British classicist and logician

Richard Shute (6 November 1849 – 22 September 1886) was a British classicist and logician.

Richard Shute was the only son of Richard Shute of Sydenham, Kent. He was educated at Eton College, and matriculated at Trinity Hall, Cambridge in 1868. However, he transferred to New Inn Hall, Oxford, where he matriculated in 1870, graduating B.A. in 1872. He was a senior student at Christ Church, Oxford from 1872 to 1886, and tutor from 1876 to 1882. He died of consumption at Oxford in 1886. At the time of his death he had been appointed professor of logic at Bombay.

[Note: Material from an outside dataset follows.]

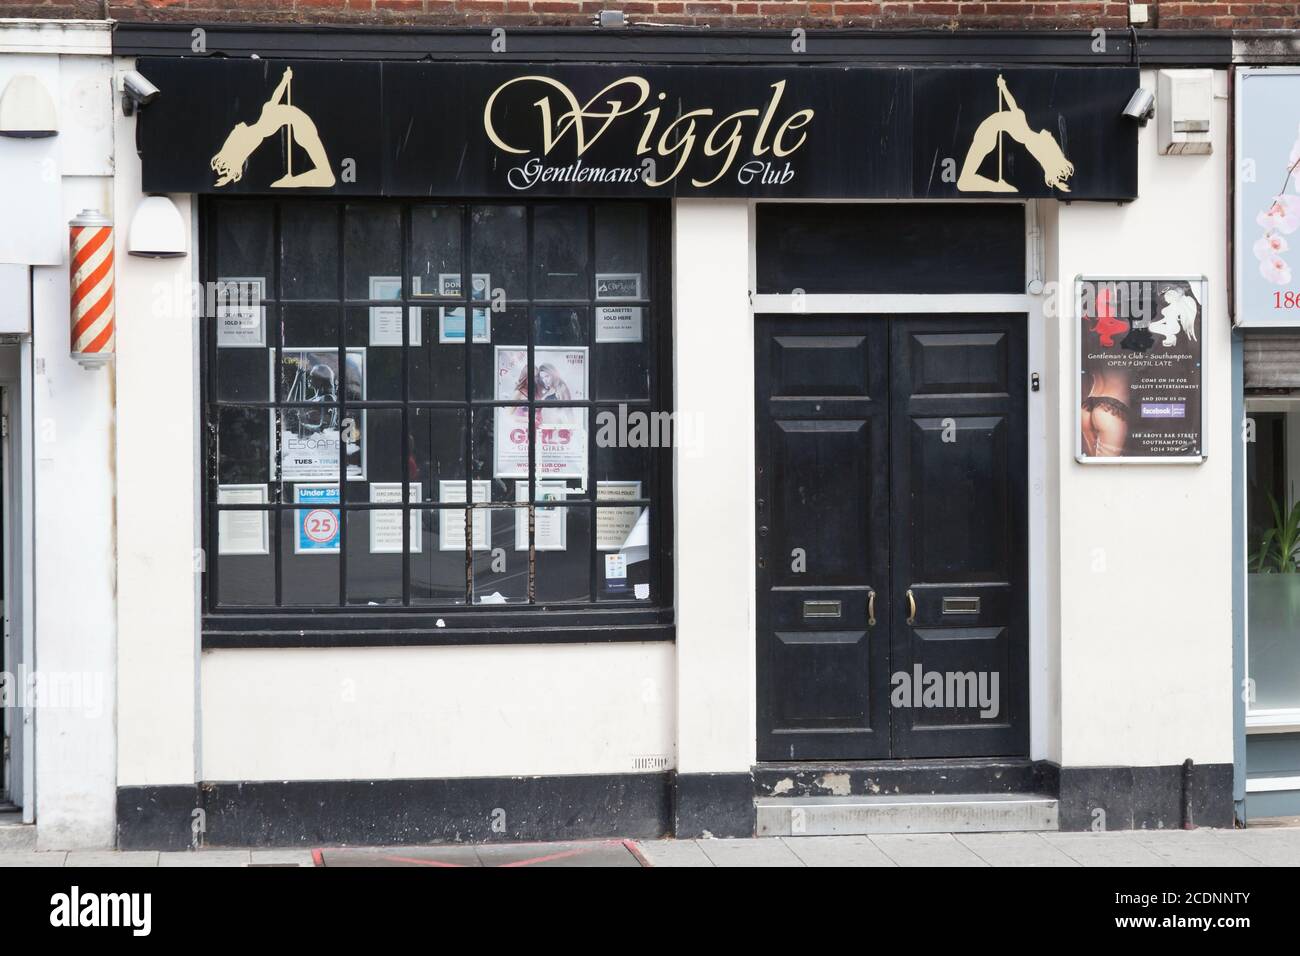 Wiggle Gentlemen's Club à Southampton, Hampshire au Royaume-Uni, prise le 10 juillet 2020 Banque D'Images

Shute's Discourse on Truth (1877) was adapted into German by Goswin Karl Uphues. Shute's Conington Prize essay on the Aristotelian writings was published posthumously: there Shute held that the surviving works were not written by Aristotle himself, but had been "filtered at least through other minds".

==Works==
- Essays on certain logical questions, Oxford, London: James Parker and Co., 1874.
- A Discourse on Truth, London, 1877.
- (ed.) Aristotle's Physics, book VII, a transcript of the Paris ms. 1859 collated with the Paris mss. 1861 and 2633 and a manuscript in the Bodleian library, Oxford: Clarendon Press, 1882.
- On the History of the Process by which the Aristotelian Writings arrived at their Present Form: with a Brief Mention of the Author, Oxford: Clarendon Press, 1888. (Conington Prize essay for 1882.)